▶ **WORK TO COMPLETE**: Transcribe exactly the lines below that begin at the line with "Behindwoods - Entertainment" and stop after the line with "9d62ea800c255b Amazon.com : New", leaving out every picture.

-------- TASK INPUTS

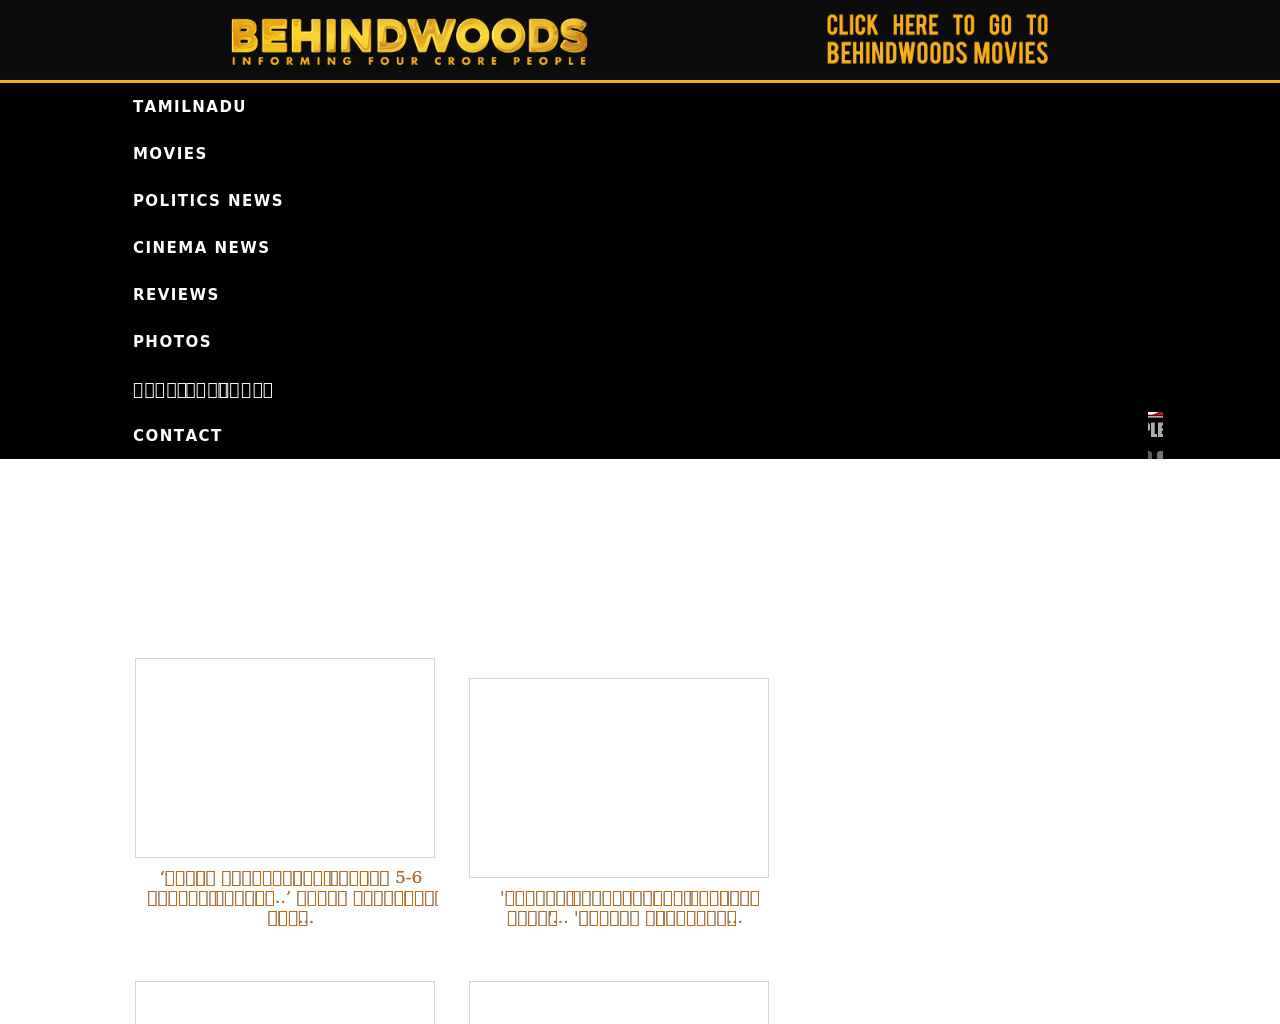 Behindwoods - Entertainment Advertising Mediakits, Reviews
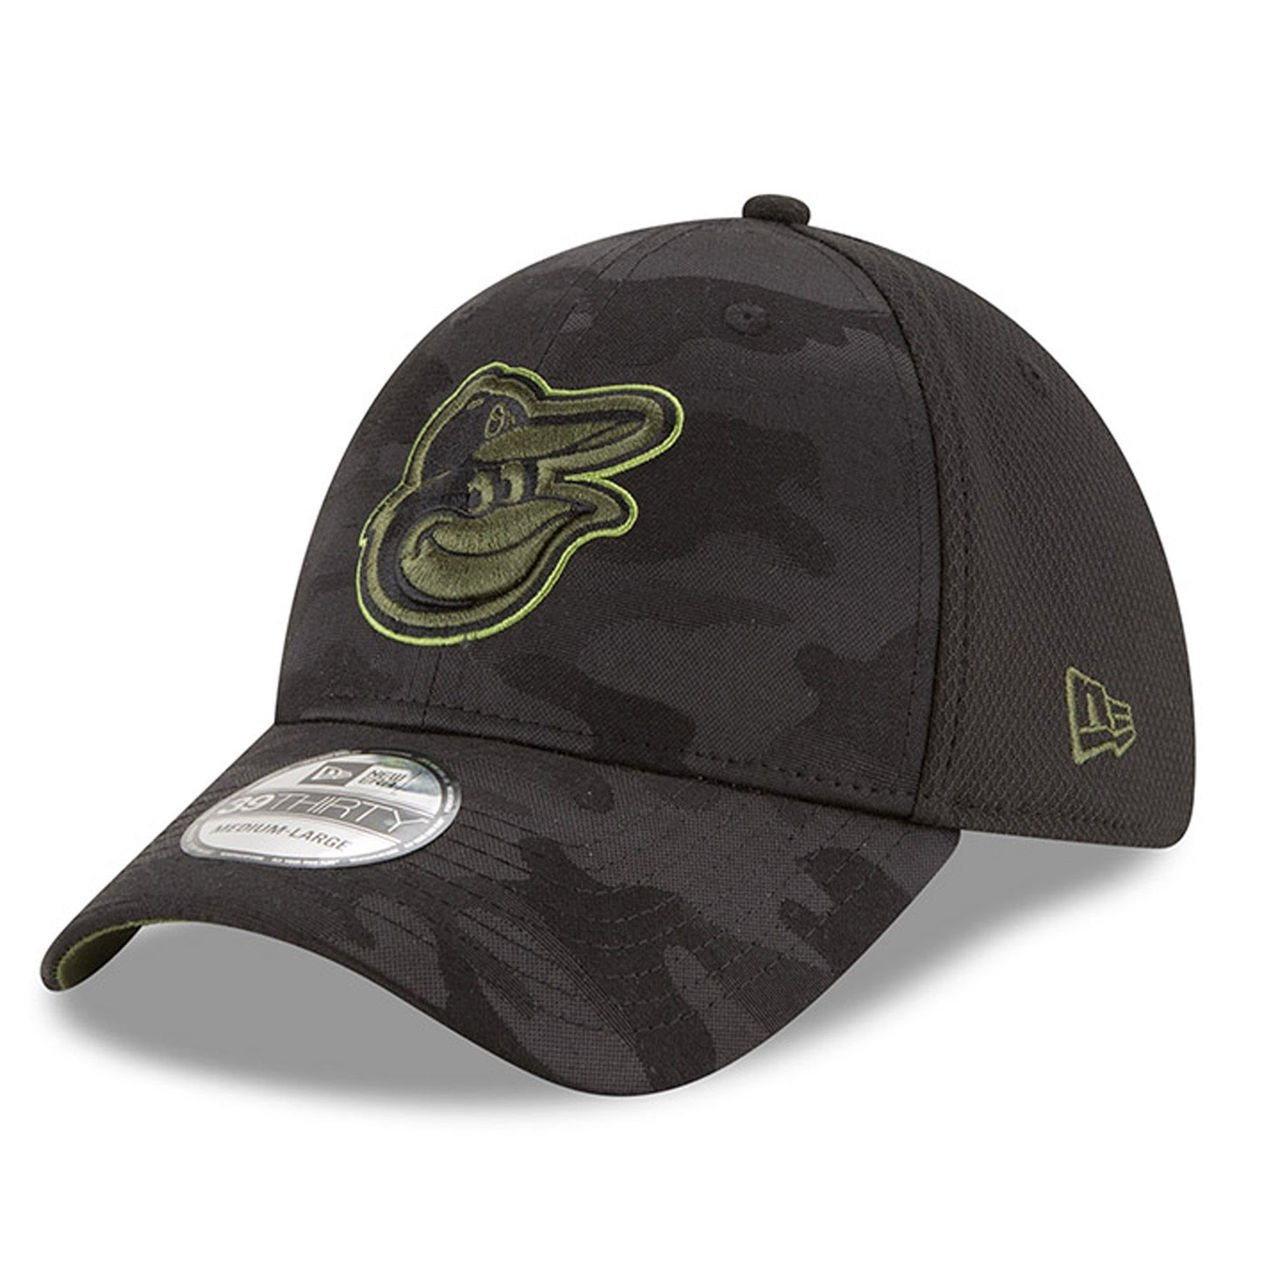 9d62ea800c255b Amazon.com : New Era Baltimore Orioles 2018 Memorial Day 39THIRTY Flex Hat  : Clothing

----------------
-------- TASK INPUTS

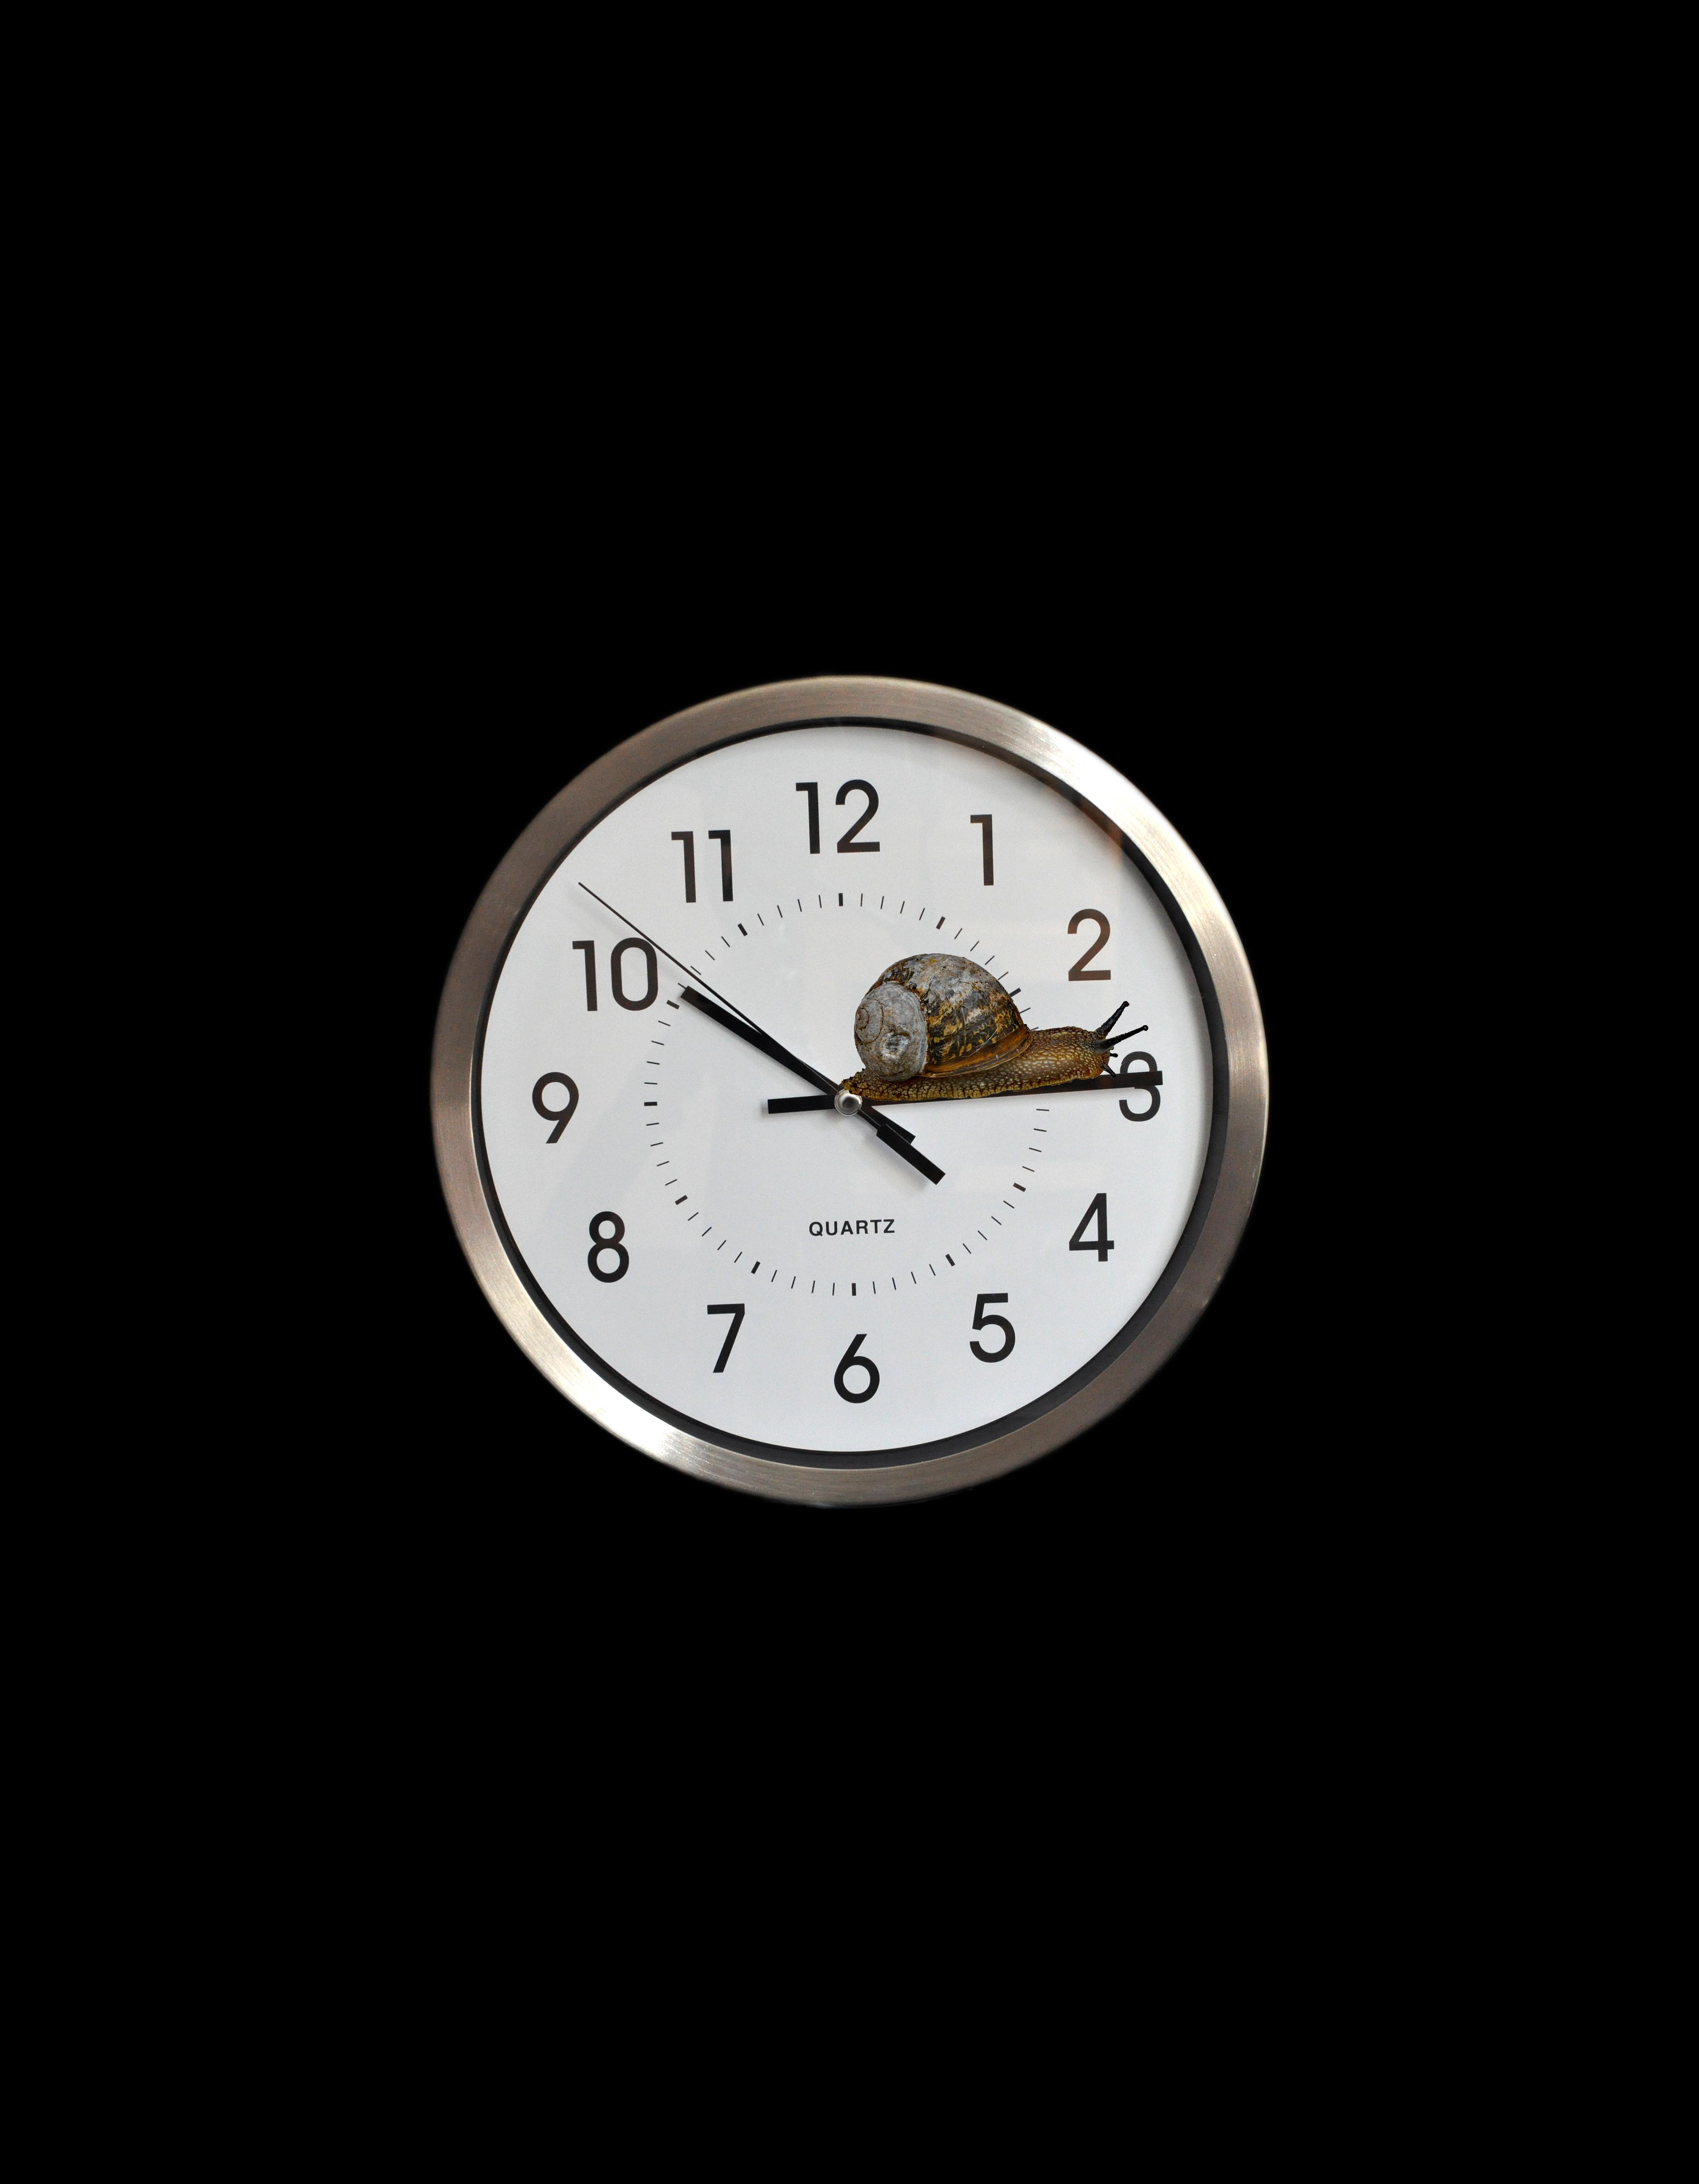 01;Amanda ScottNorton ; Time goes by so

----------------

▶ **SOLUTION FOR THIS EXERCISE**:
 Behindwoods - Entertainment Advertising Mediakits, Reviews
 9d62ea800c255b Amazon.com : New Era Baltimore Orioles 2018 Memorial Day 39THIRTY Flex Hat  : Clothing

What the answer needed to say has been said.